Kathy (Carey Mulligan), Tommy (Andrew Garfield) & Ruth (Kiera Knightly), are all pupils at the seemingly idyllic Hailsham Boarding School in the 1970s. When we first meet them they are children on the verge of adolescence, Kathy falling in love with Tommy only for him and Ruth to start a relationship. However, there are darker secrets at work in their world and we soon learn the harsh reality of their existence when Miss Lucy (Sally Hawkins), a teacher new to the school, explains to them their true purpose in life. It is a horrific revelation but is presented with very little drama, the children seemingly unfazed and blithely accepting of their destiny. The next day at school, the teacher is gone, never to be mentioned again; the headmistress (Charlotte Rampling) alluding to the need to eradicate disruptive influences.

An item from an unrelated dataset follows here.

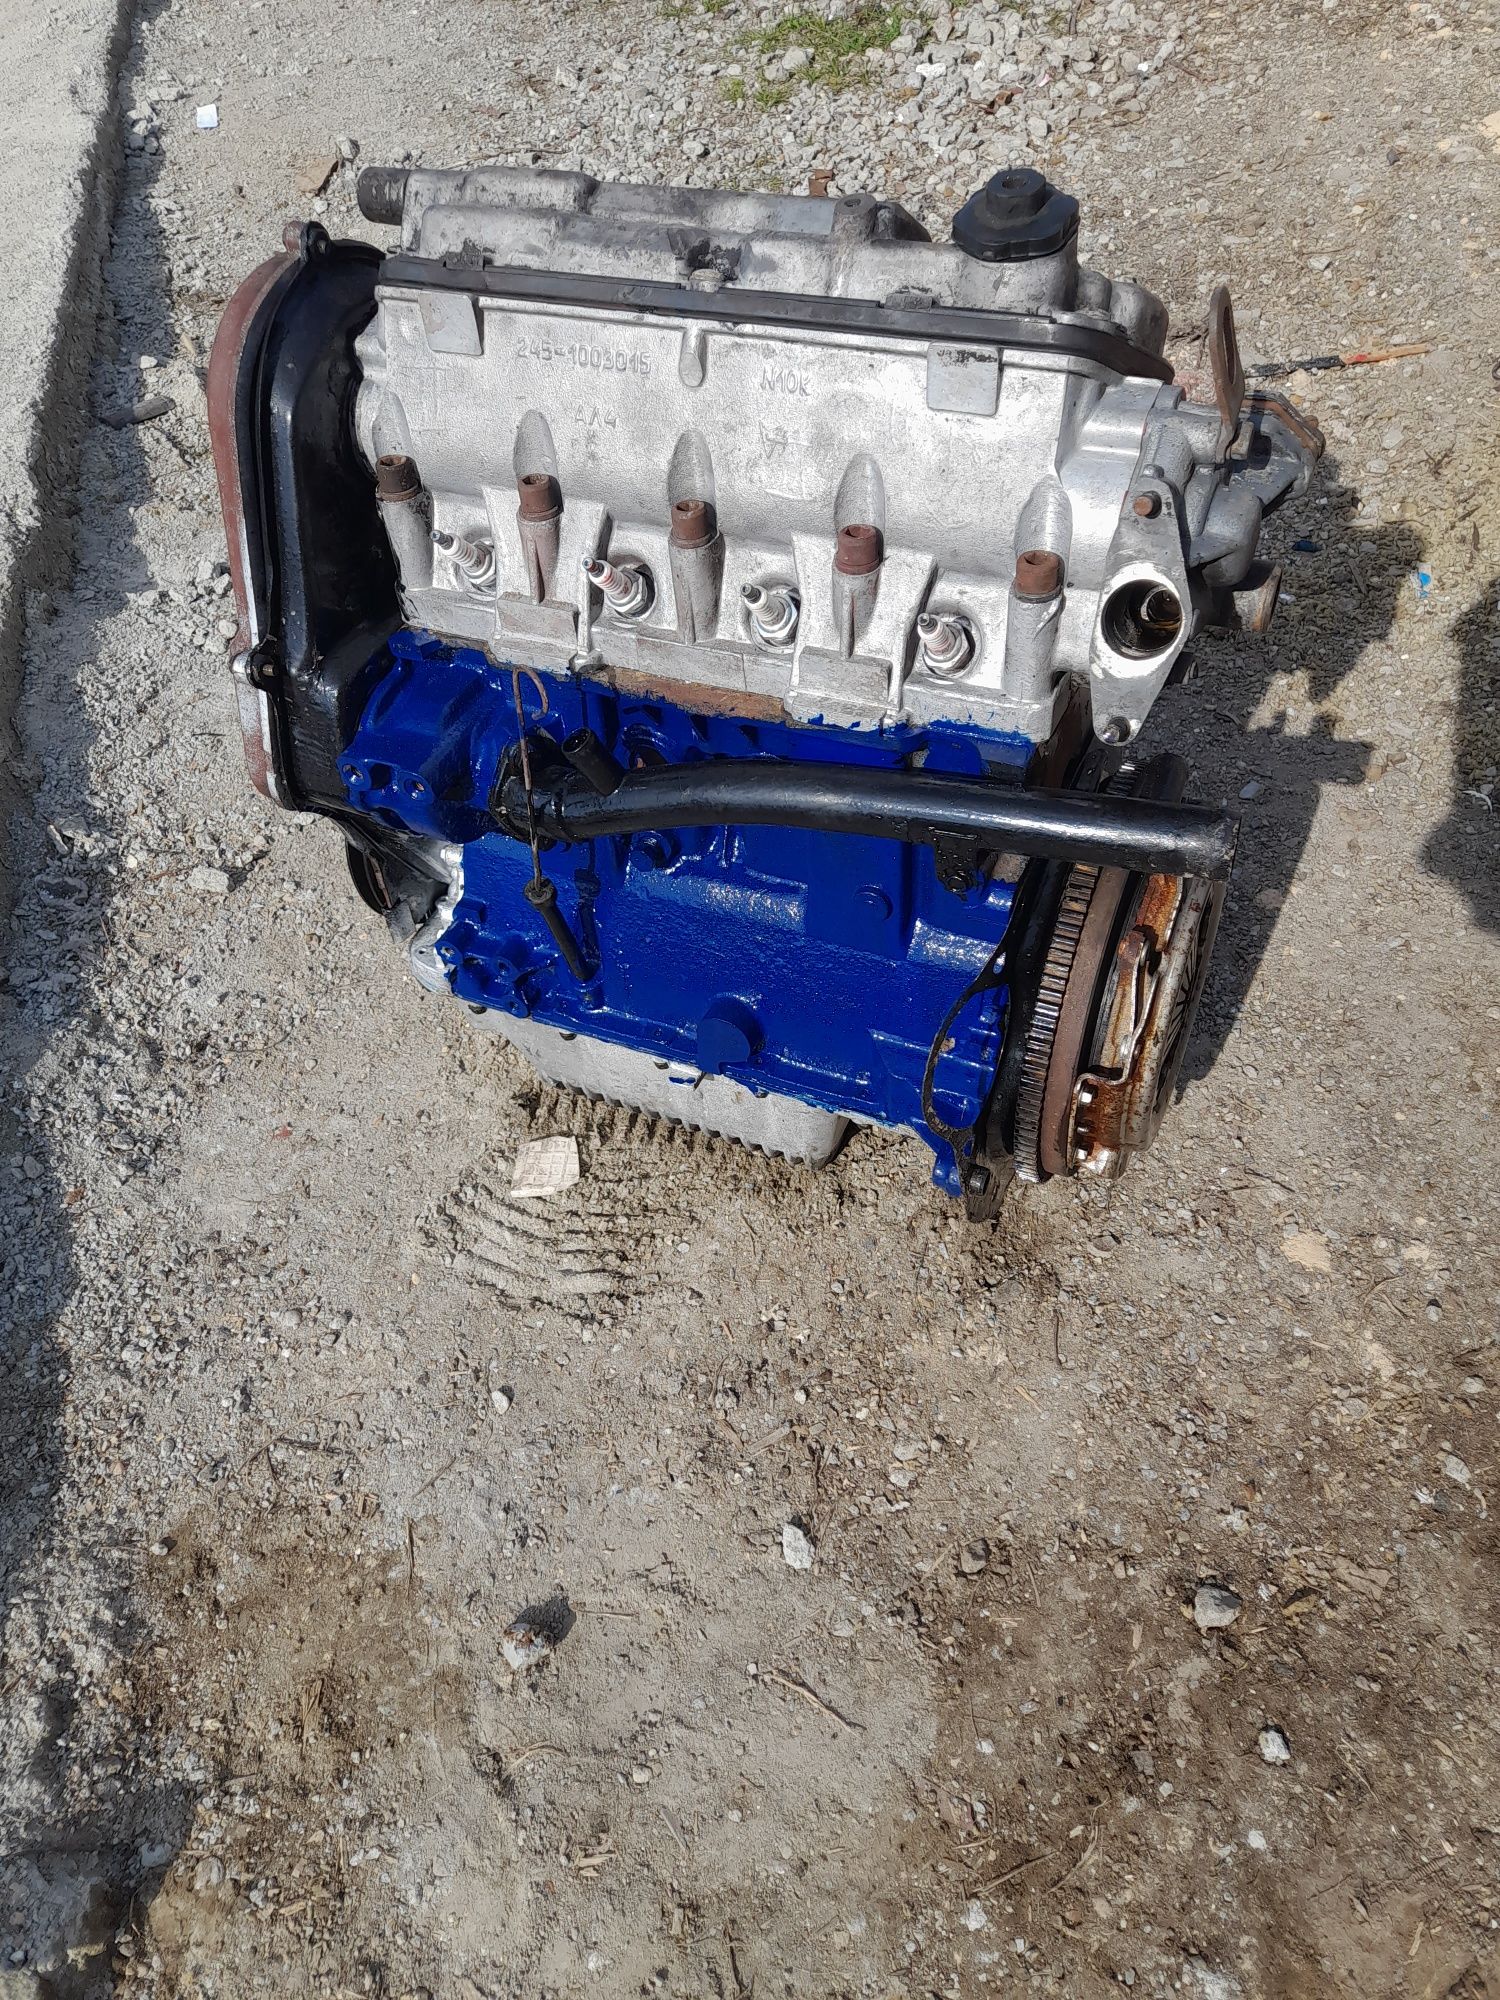 Двигатель Таврия Славута пикап 1.1 снят с машины.Пробег 15 000км.

As the three of them grow up together they are moved to a place called The Cottages, where they meet and live with others like them. And as the suppressed feelings that Kathy and Tommy have for each other come to a head, they discover the possibility that their love for each other may be crucial in postponing a fate that they had accepted as being inevitable.

Never Let Me Go is told almost exclusively from the perspective of the three protagonists, a narrative device that serves to heighten the empathy you feel for them. The life that is set out for each of them is never questioned or challenged and their eager and childlike fascination with a wider society that we never really see (and they will never know) is often heart breaking in its naivety.

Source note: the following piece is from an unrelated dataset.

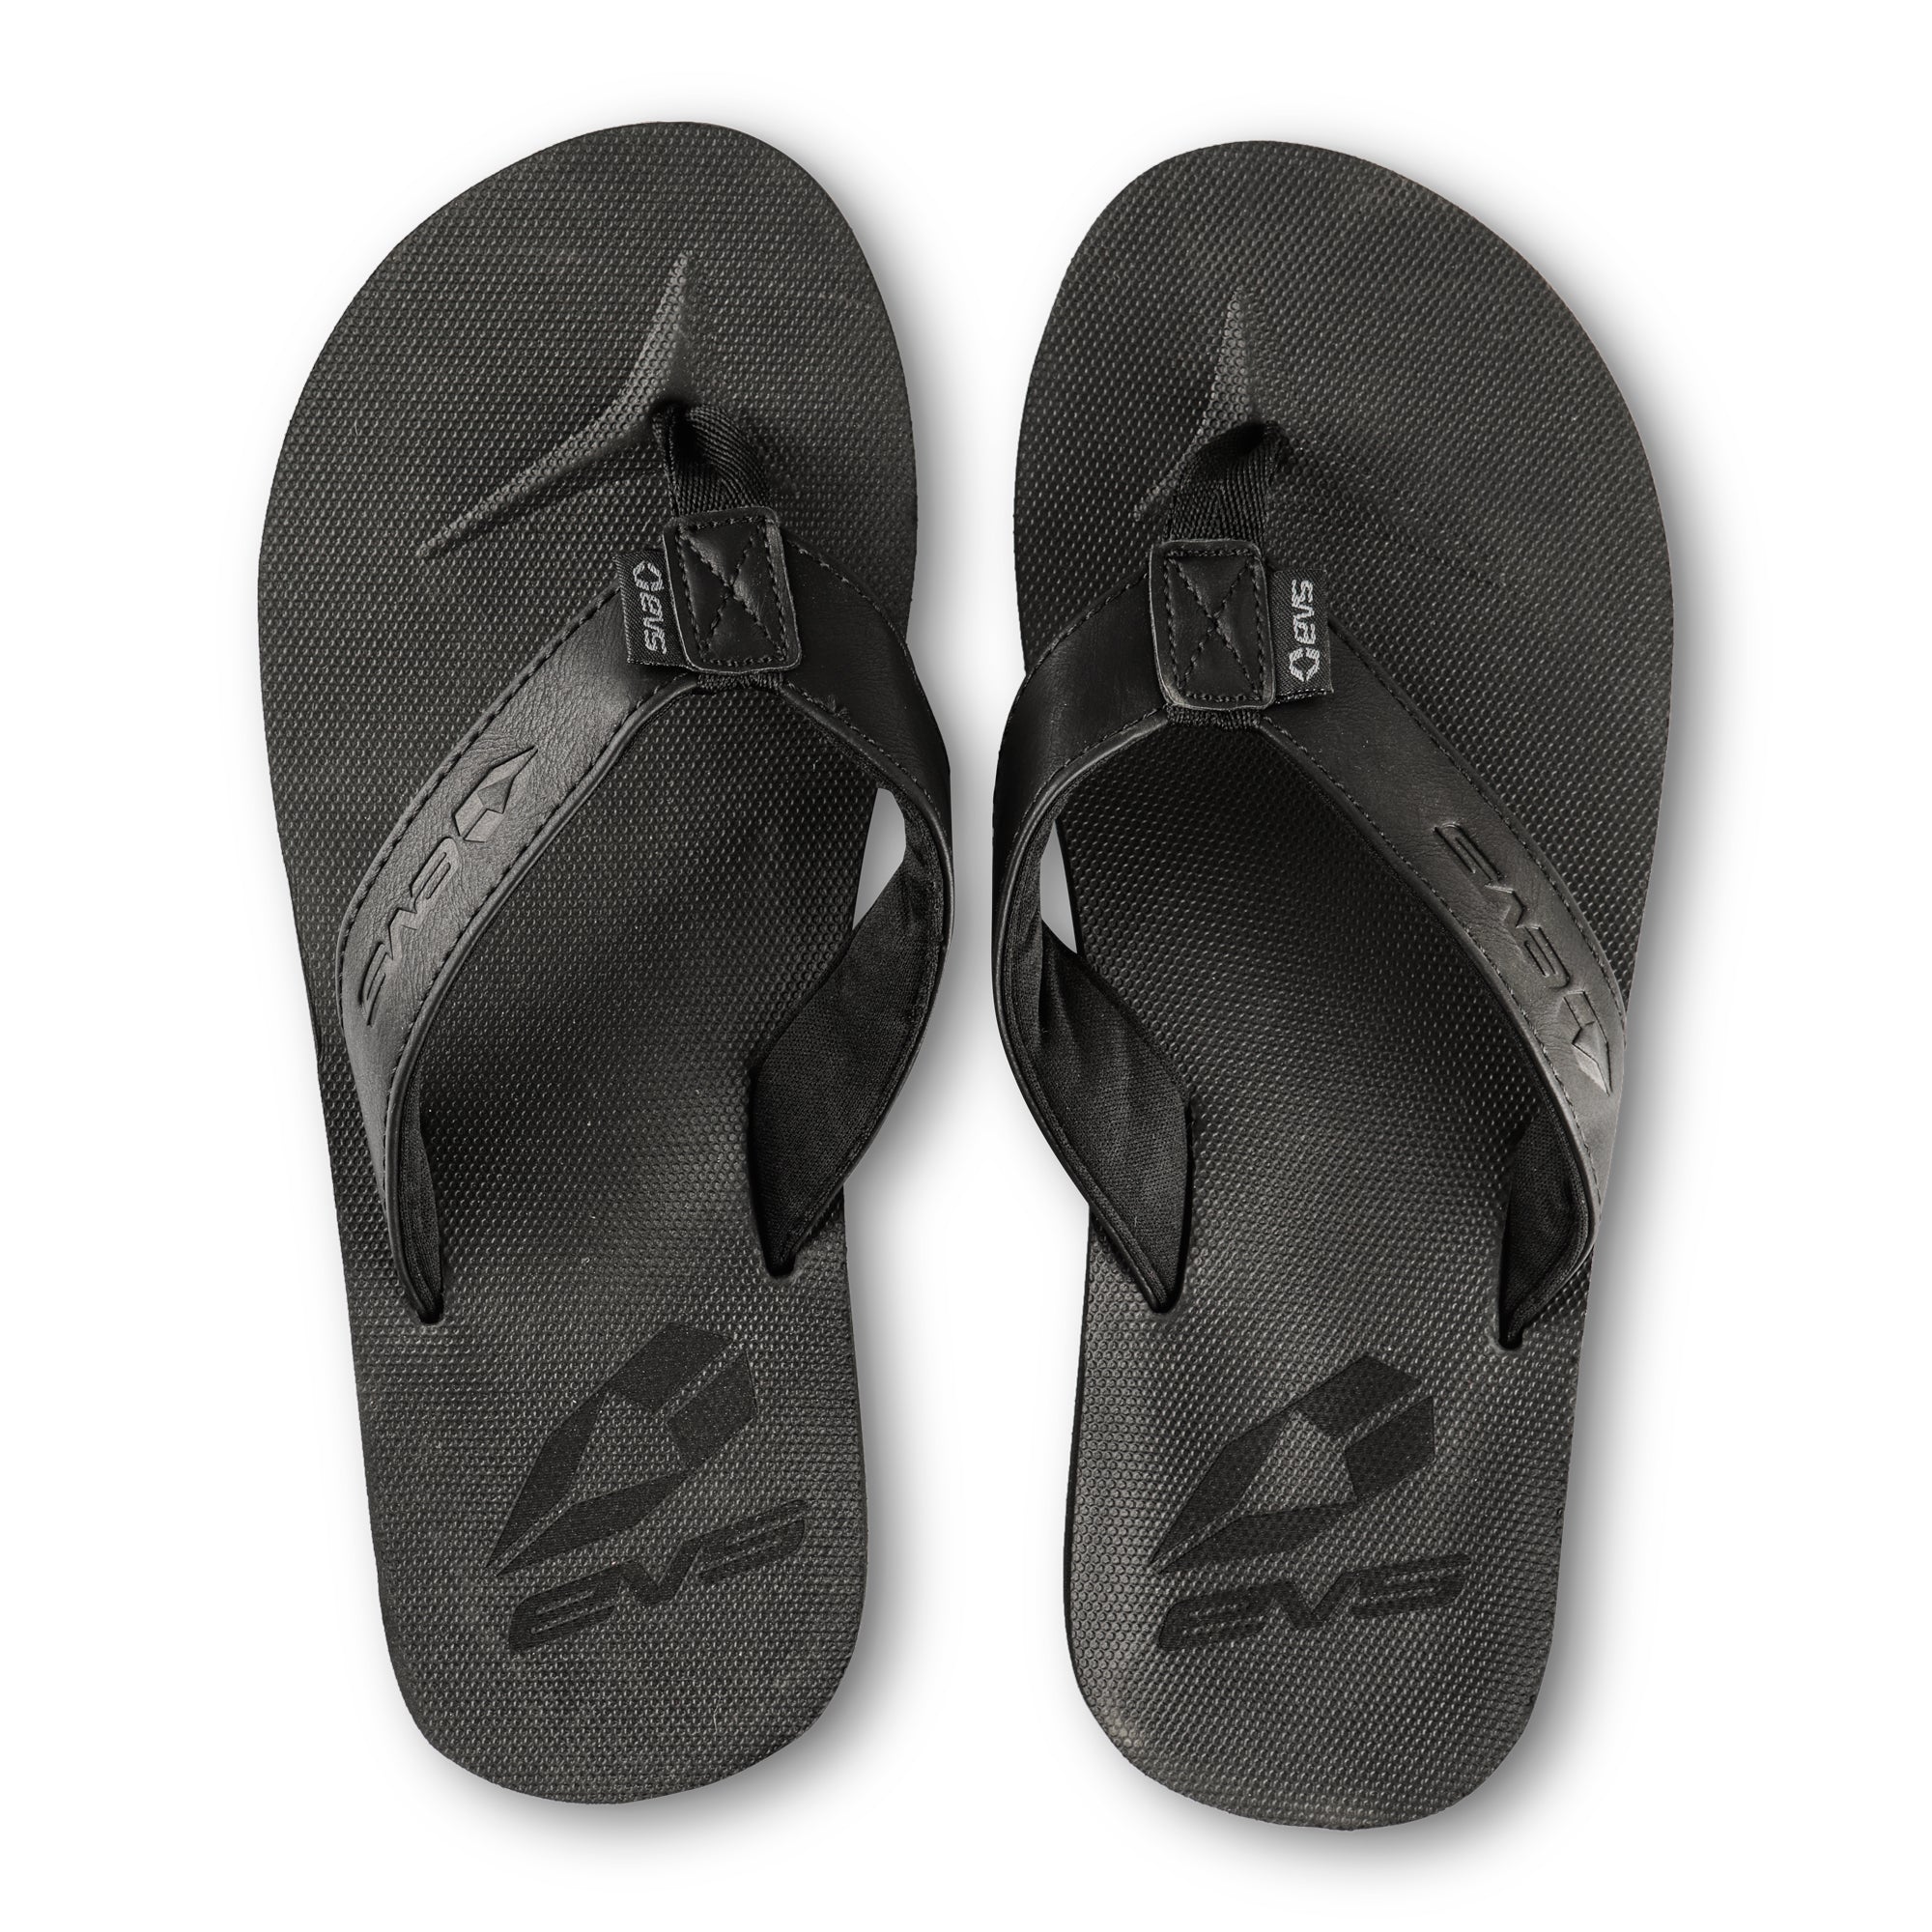 fitflop women's glitzie slide sandal

All three leads give remarkable performances, with Mulligan in particular offering an astonishing portrait of a young woman haunted as much by her future as she is by her past. She is the sort of actress who manages to convey a stillness beneath which a maelstrom of feeling is conveyed and Romanek’s camera dwells on her visage of thoughtful fragility to remarkable effect. Garfield too demonstrates his increasing versatility with the tricky task of portraying a character who rages against his fate while at the same time being utterly accepting of it. It is a dichotomy that could have fallen flat in less capable hands but one that he pulls off convincingly.

Along with the strength of the performances, much of the power of Never Let Me Go lies in its depiction of a world that looks virtually indistinguishable from our own.  In that regard it calls to mind Alfonso Cuarón’s Children of Men, a movie that also took a contemporary social and ethical issue (in that case immigration) and developed it to the extreme, setting its story in a country where some human beings are degraded  by a faceless society that condones their treatment. What is disturbing in both movies is that it is recognisably our society.

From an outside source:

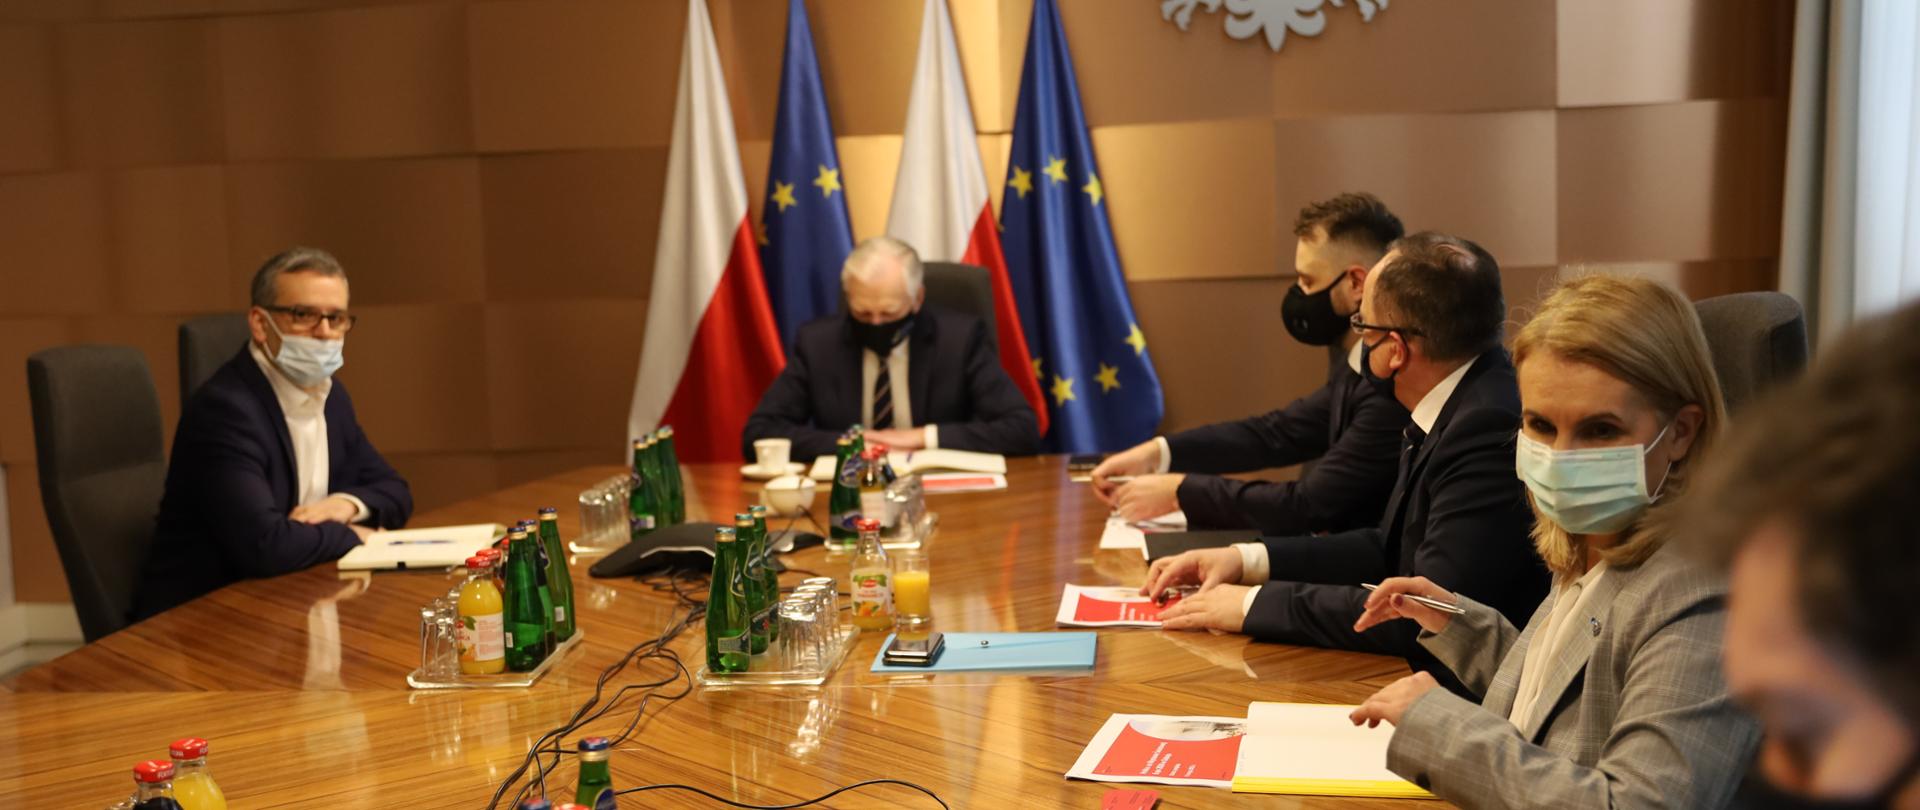 Premier Jarosław Gowin: EXPO2020 szansą na szybki rozwój gospodarczy

I finished watching Never Let Me Go and then sat thinking about it for the next 20 minutes. Since then I’ve thought about it off and on every day. Although it is both a drama and a love story, I’m increasingly convinced that it’s one of the best science fiction movies I’ve seen in the last decade. It’s just that it is one concerned with very powerful ideas and real human drama, rather than special effects or interior design.

In the end, this is a film from which you may take many meanings. It is a film about the choices we make and how we deal with our own mortality. It is about the inclination within many of us to accept what we perceive as our fate and our remarkable ability as adults to live with it. But perhaps more than anything, it is about how a society can raise its children to believe everything they are told and how completely they will accept it. And that is a responsibility in which we all share.

Extras: Both the Blu-ray and DVD release feature a decent ‘making of’ featurette in The Secrets of Never Let Me Go, along with various stills galleries including Mark Romanek’s photography (taken on set) and a selection of Artwork created by the character of Tommy in the film. A theatrical trailer is also included.